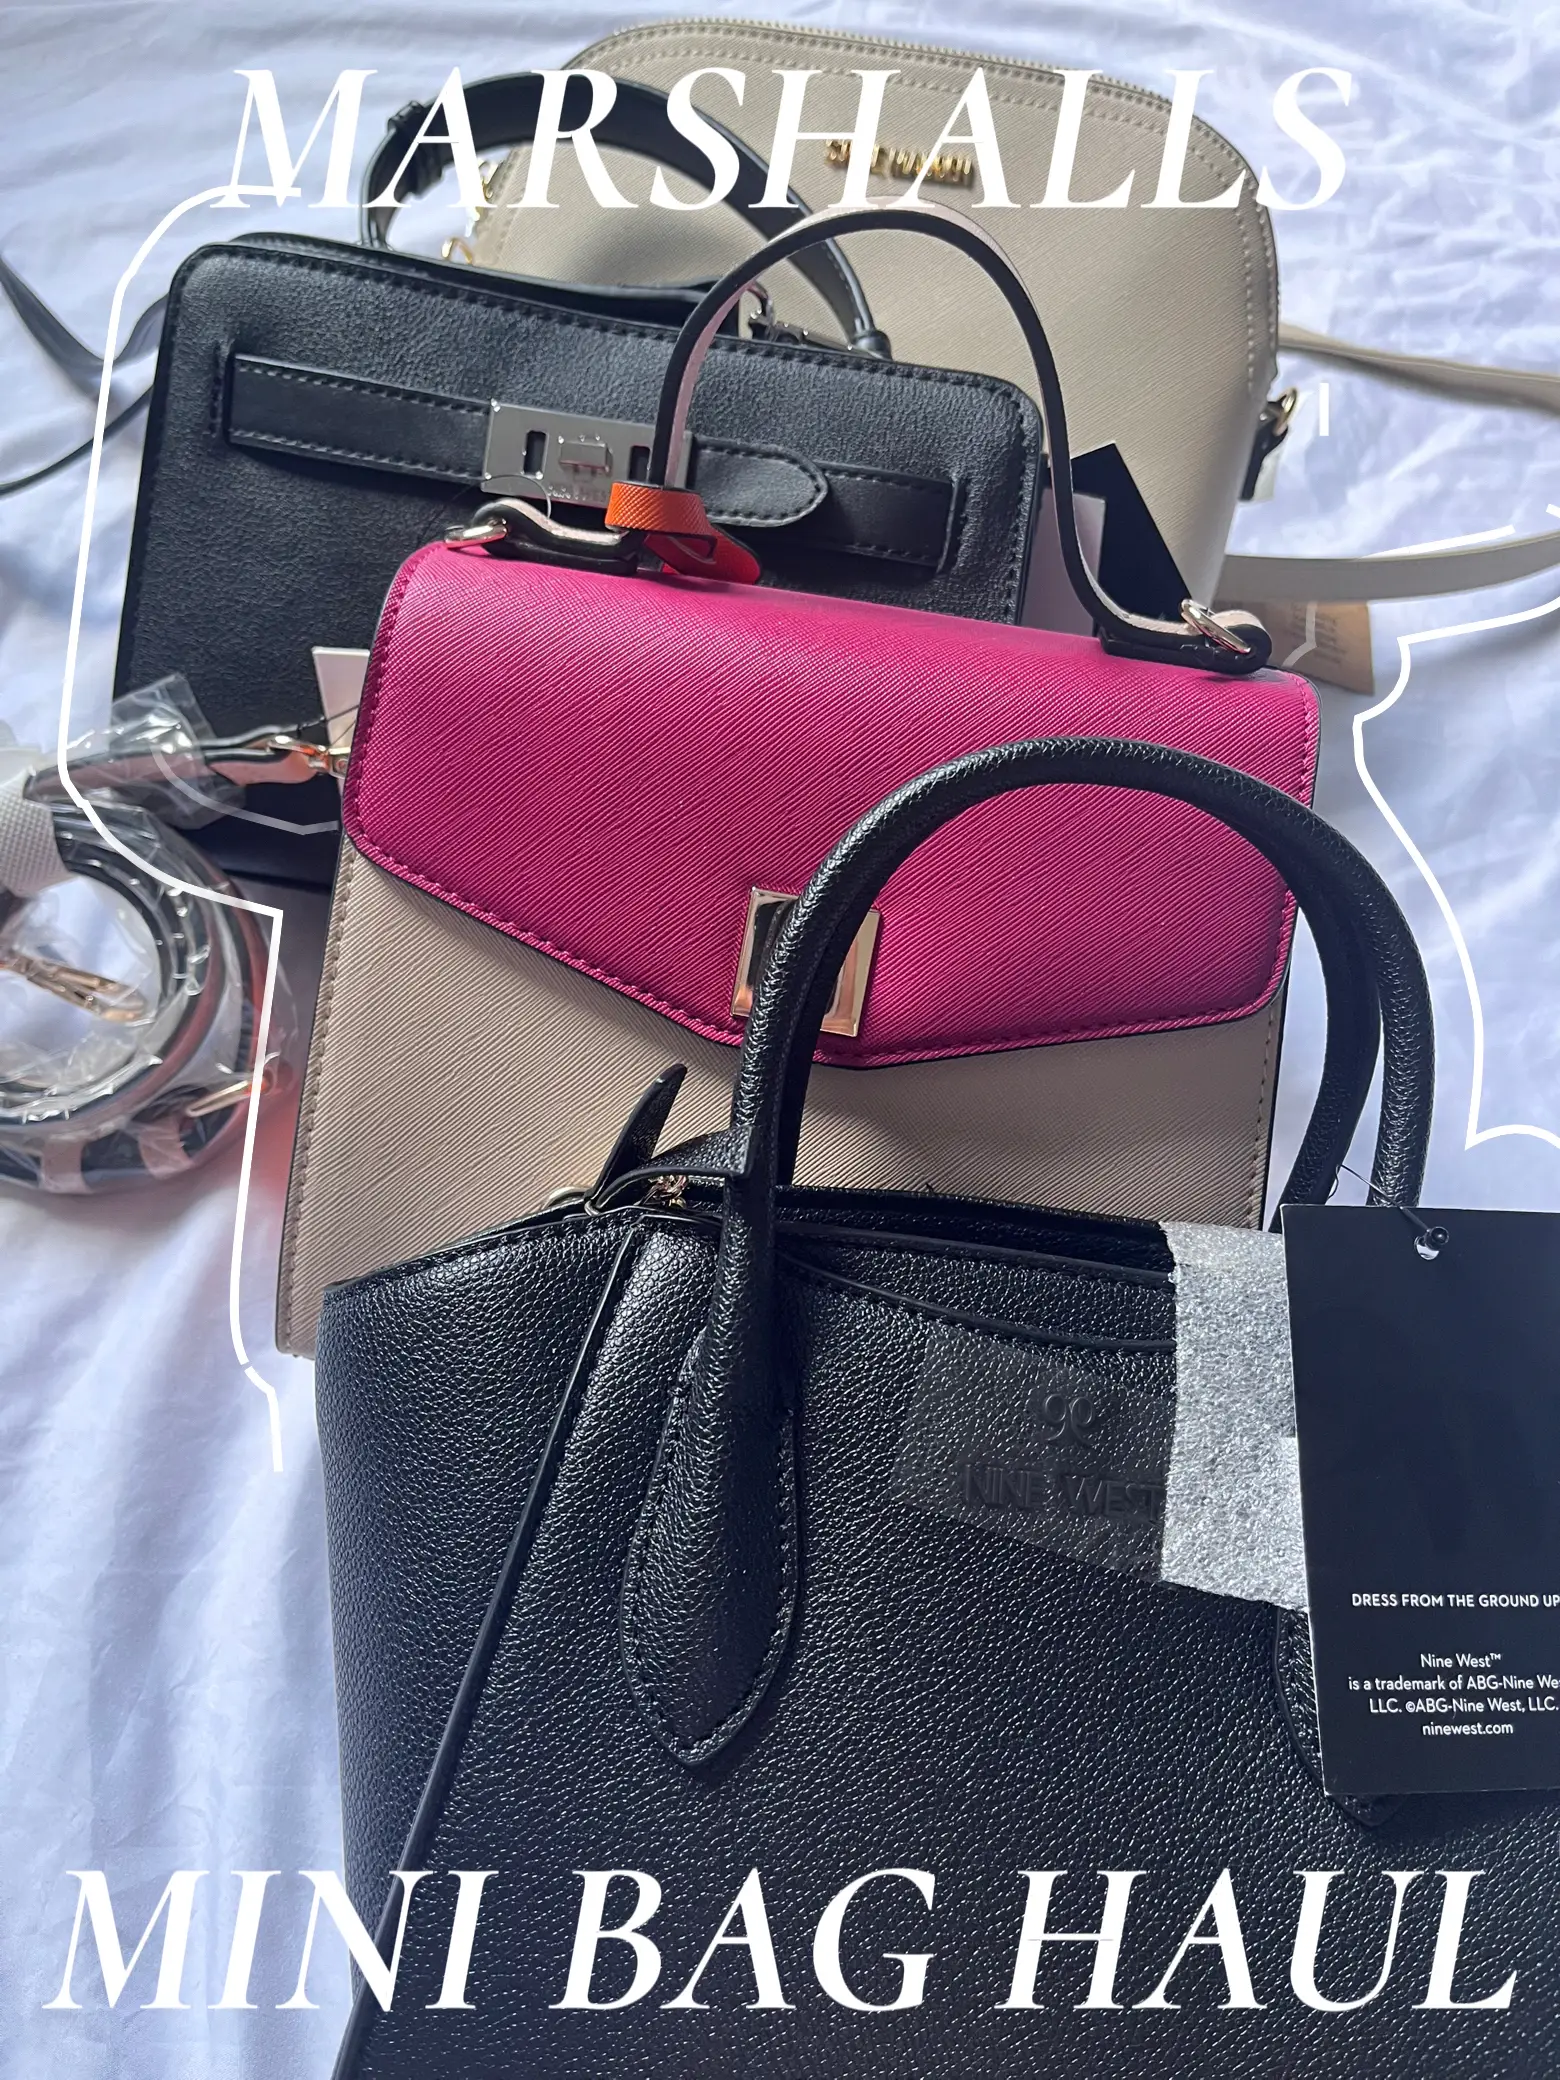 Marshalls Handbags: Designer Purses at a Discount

===============

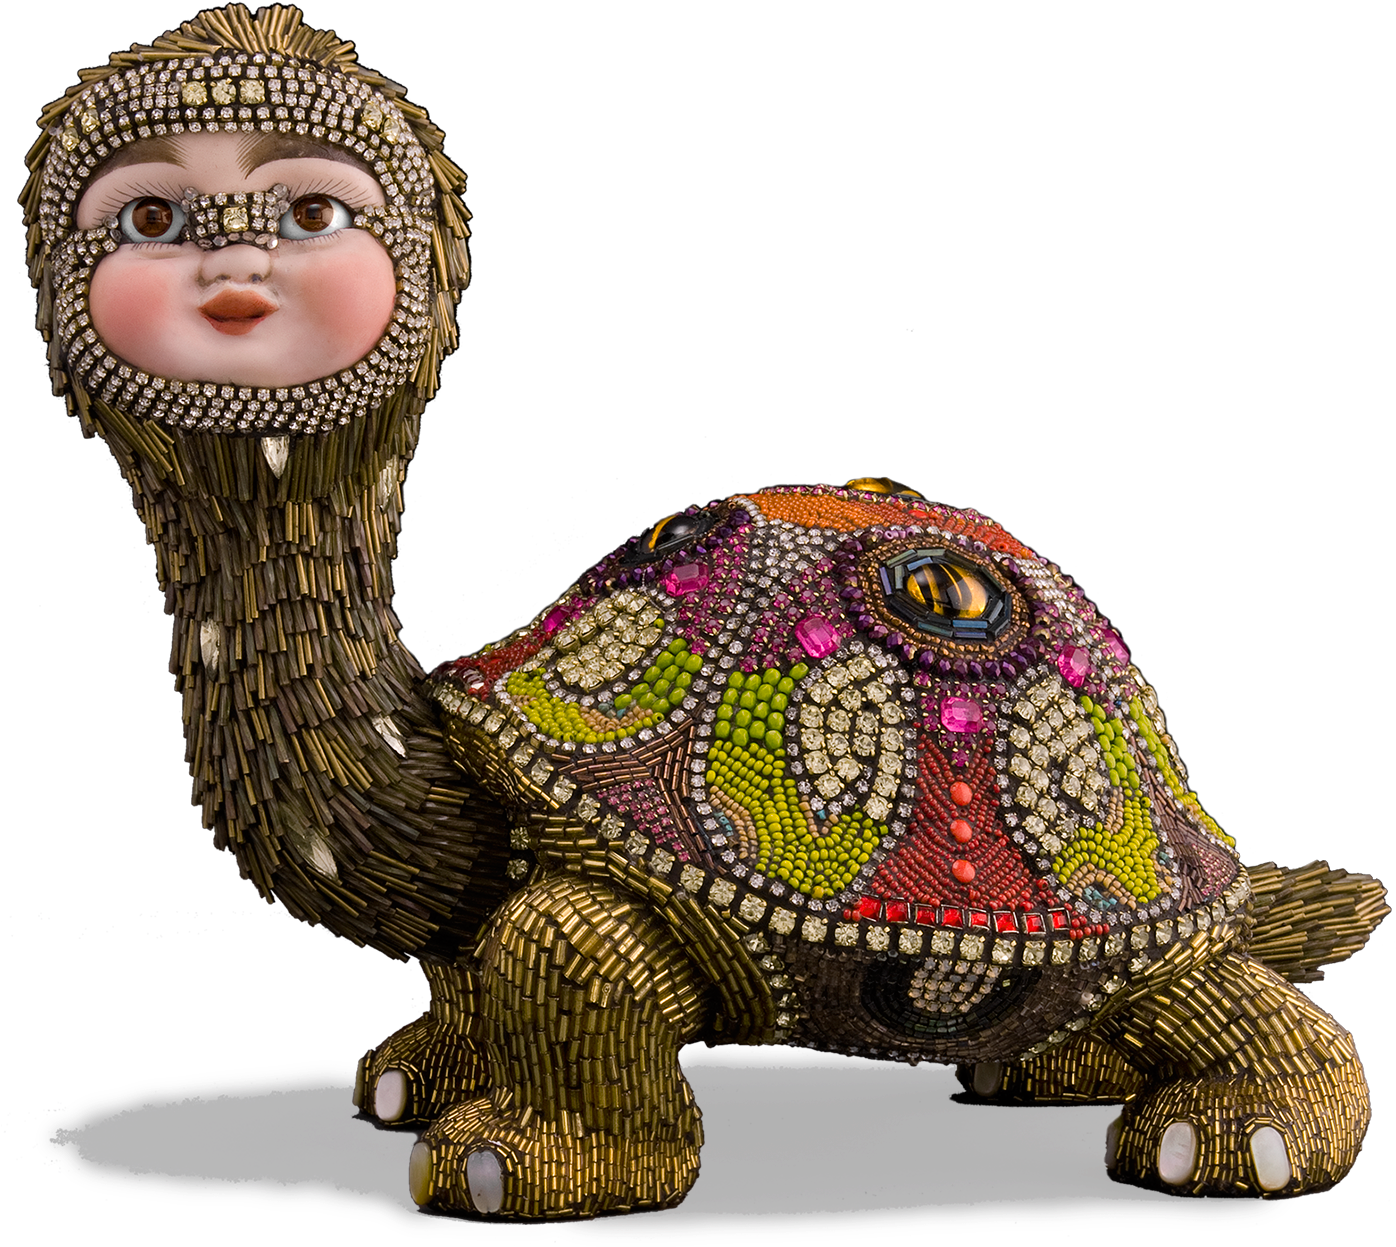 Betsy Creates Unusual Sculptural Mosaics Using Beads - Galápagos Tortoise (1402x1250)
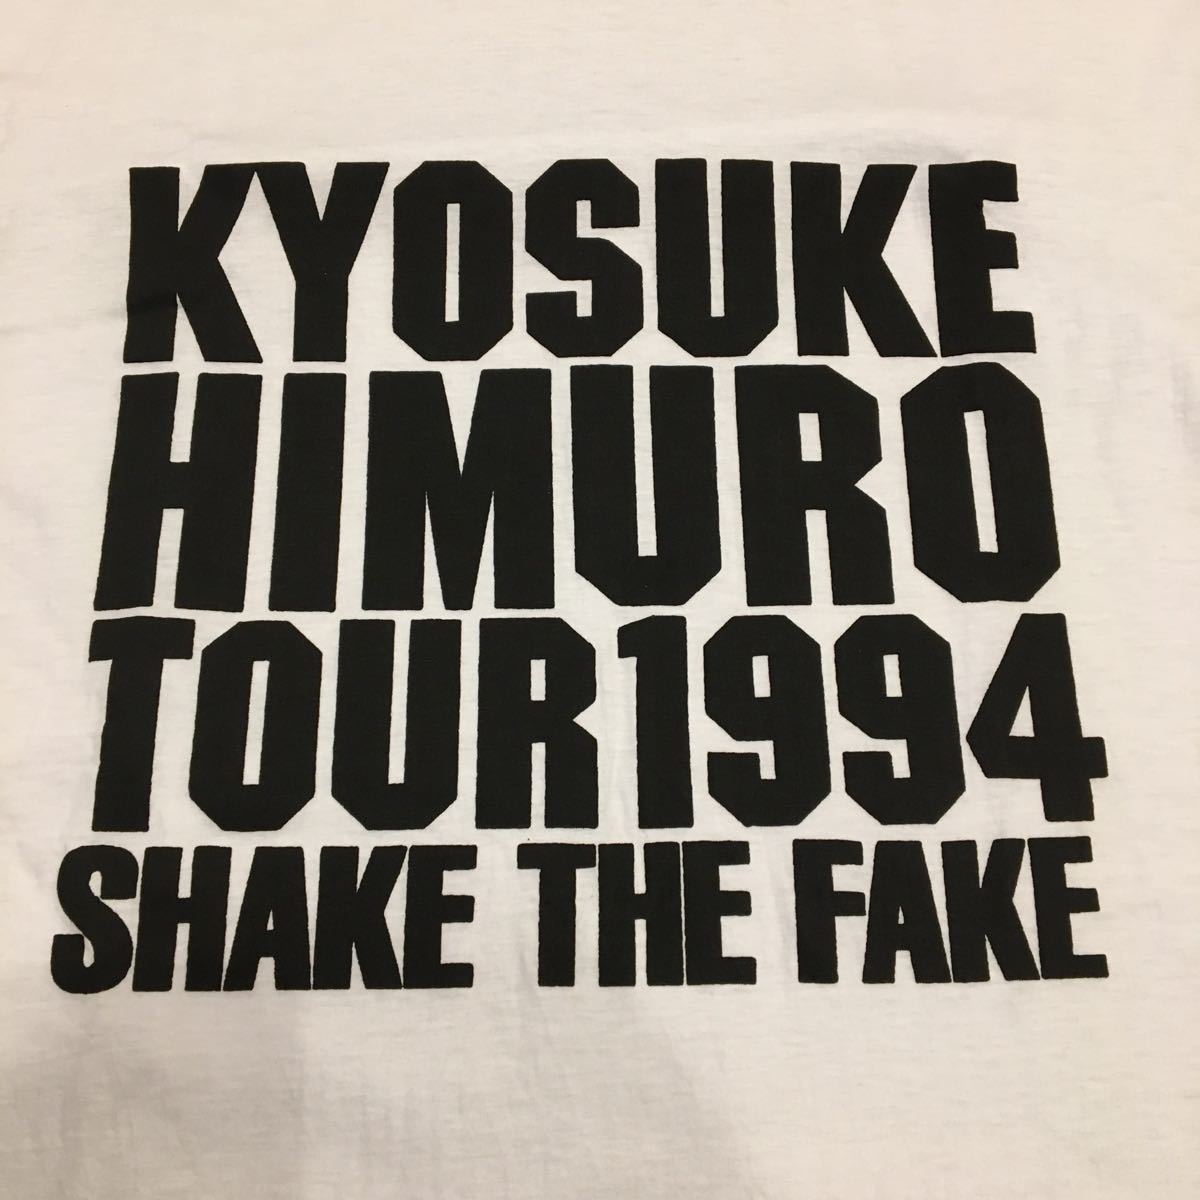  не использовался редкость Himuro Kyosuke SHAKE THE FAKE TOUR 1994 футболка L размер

===============

__Task requirements__:
Nothing but the lines above from the one that has "Betsy Creates Unusual" down to the one that has "не использовался редкость" belongs in the answer, copied exactly, without pictures.

__Reply__:
 Betsy Creates Unusual Sculptural Mosaics Using Beads - Galápagos Tortoise (1402x1250)
  не использовался редкость Himuro Kyosuke SHAKE THE FAKE TOUR 1994 футболка L размер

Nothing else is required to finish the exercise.